Pictures are to be dropped. Everything else in the listing gets copied exactly.

**RECORDED INFORMATION**
▼

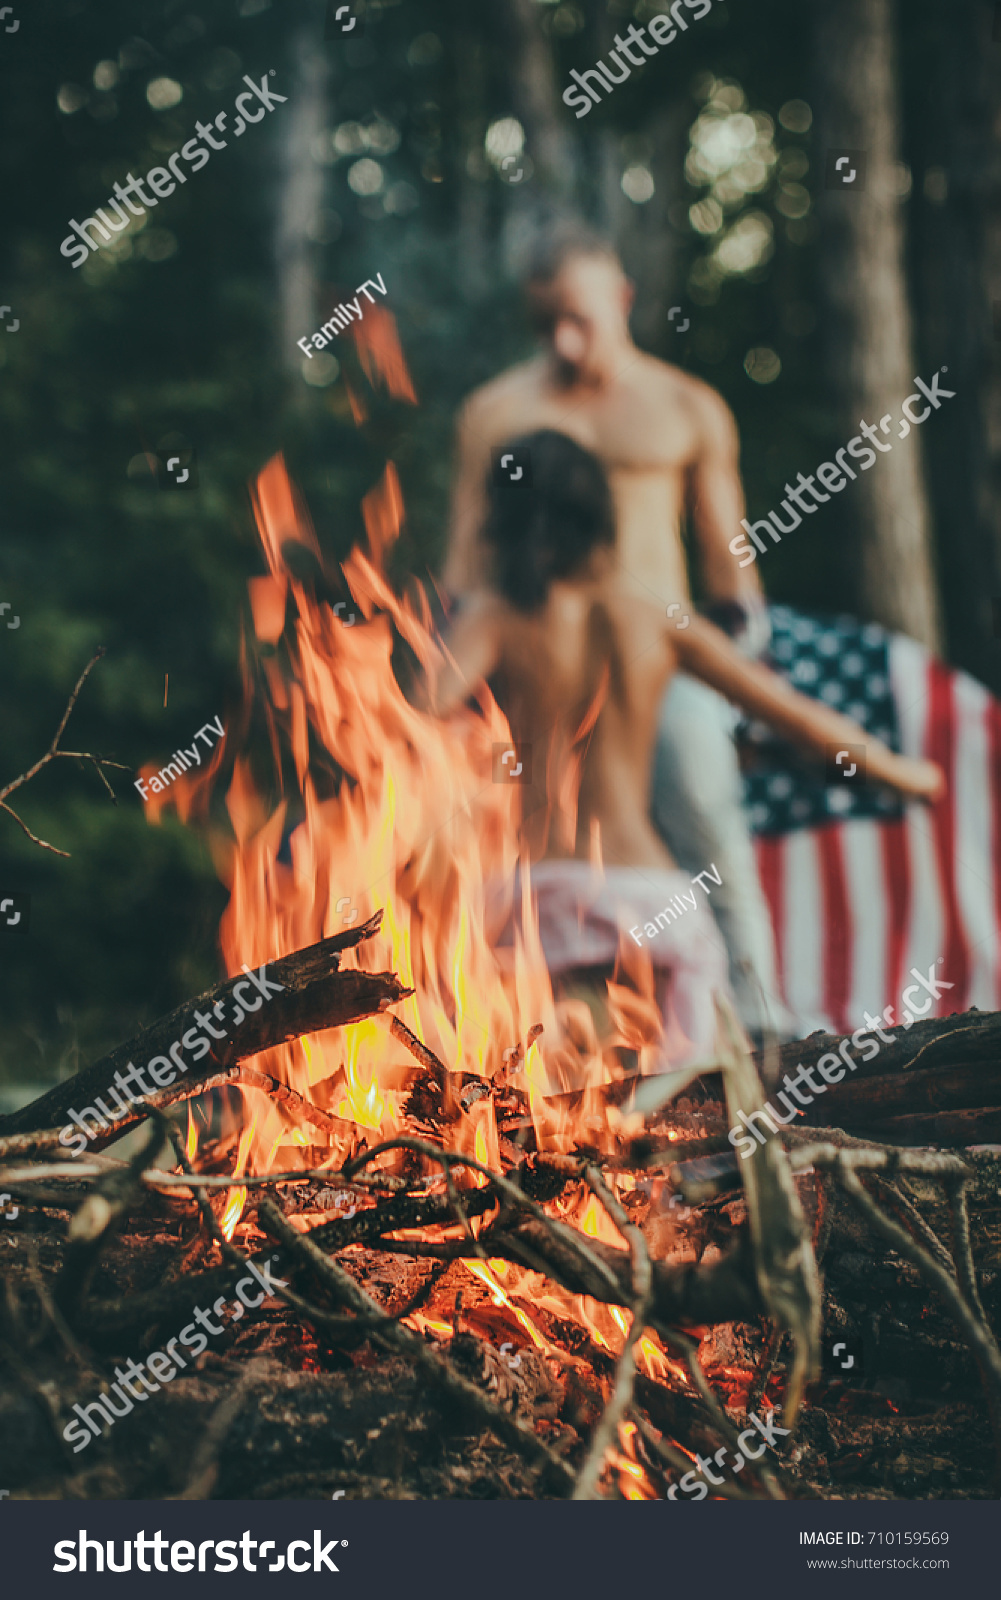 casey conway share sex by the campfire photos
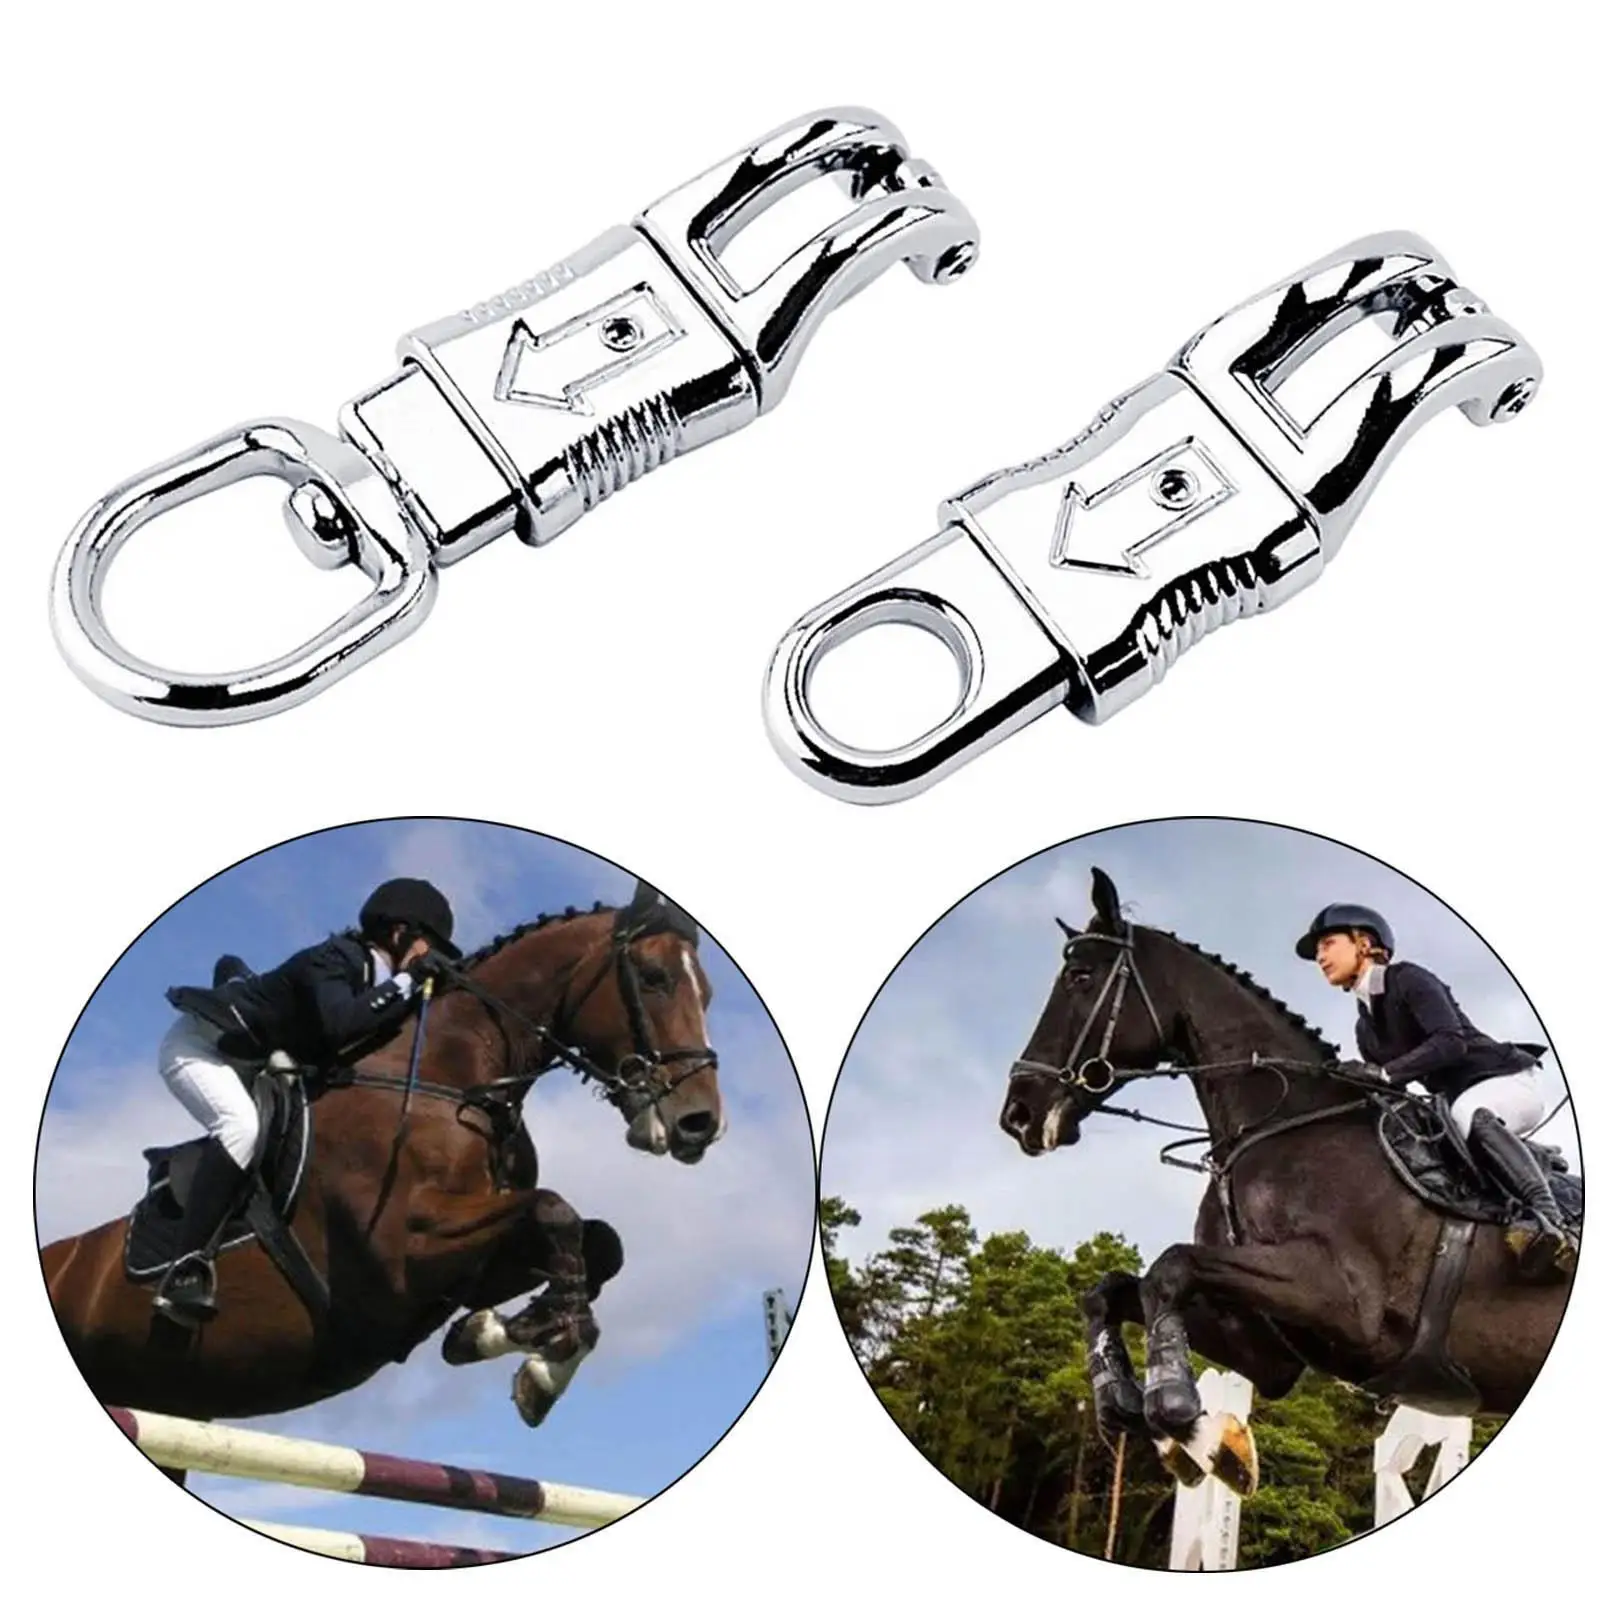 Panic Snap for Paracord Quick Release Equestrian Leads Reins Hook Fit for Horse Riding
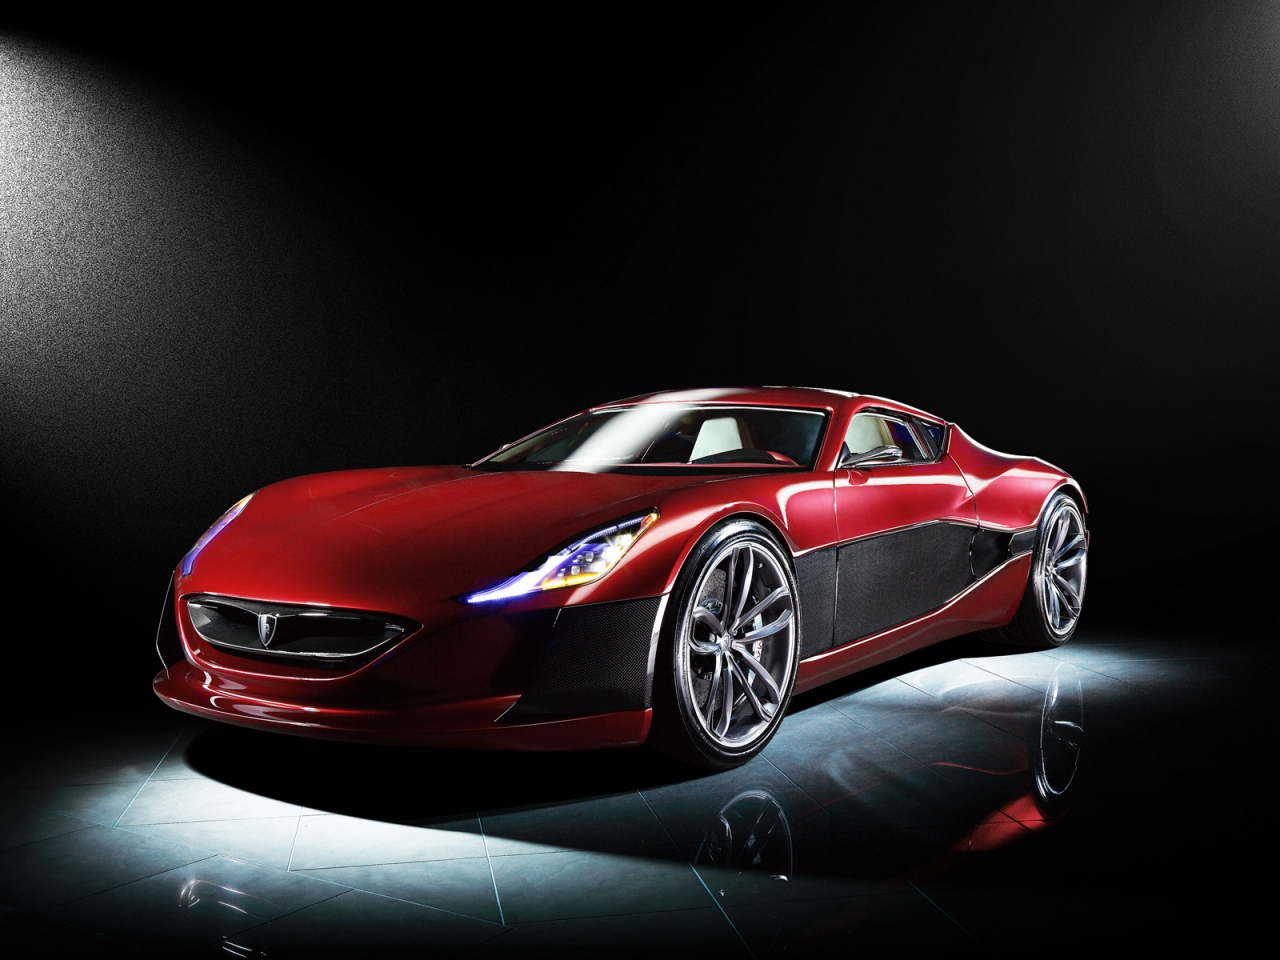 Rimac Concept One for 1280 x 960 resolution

▲

**WRITTEN ANSWER**
 casey conway share sex by the campfire photos
 Panic Snap for Paracord Quick Release Equestrian Leads Reins Hook Fit for Horse Riding
 Rimac Concept One for 1280 x 960 resolution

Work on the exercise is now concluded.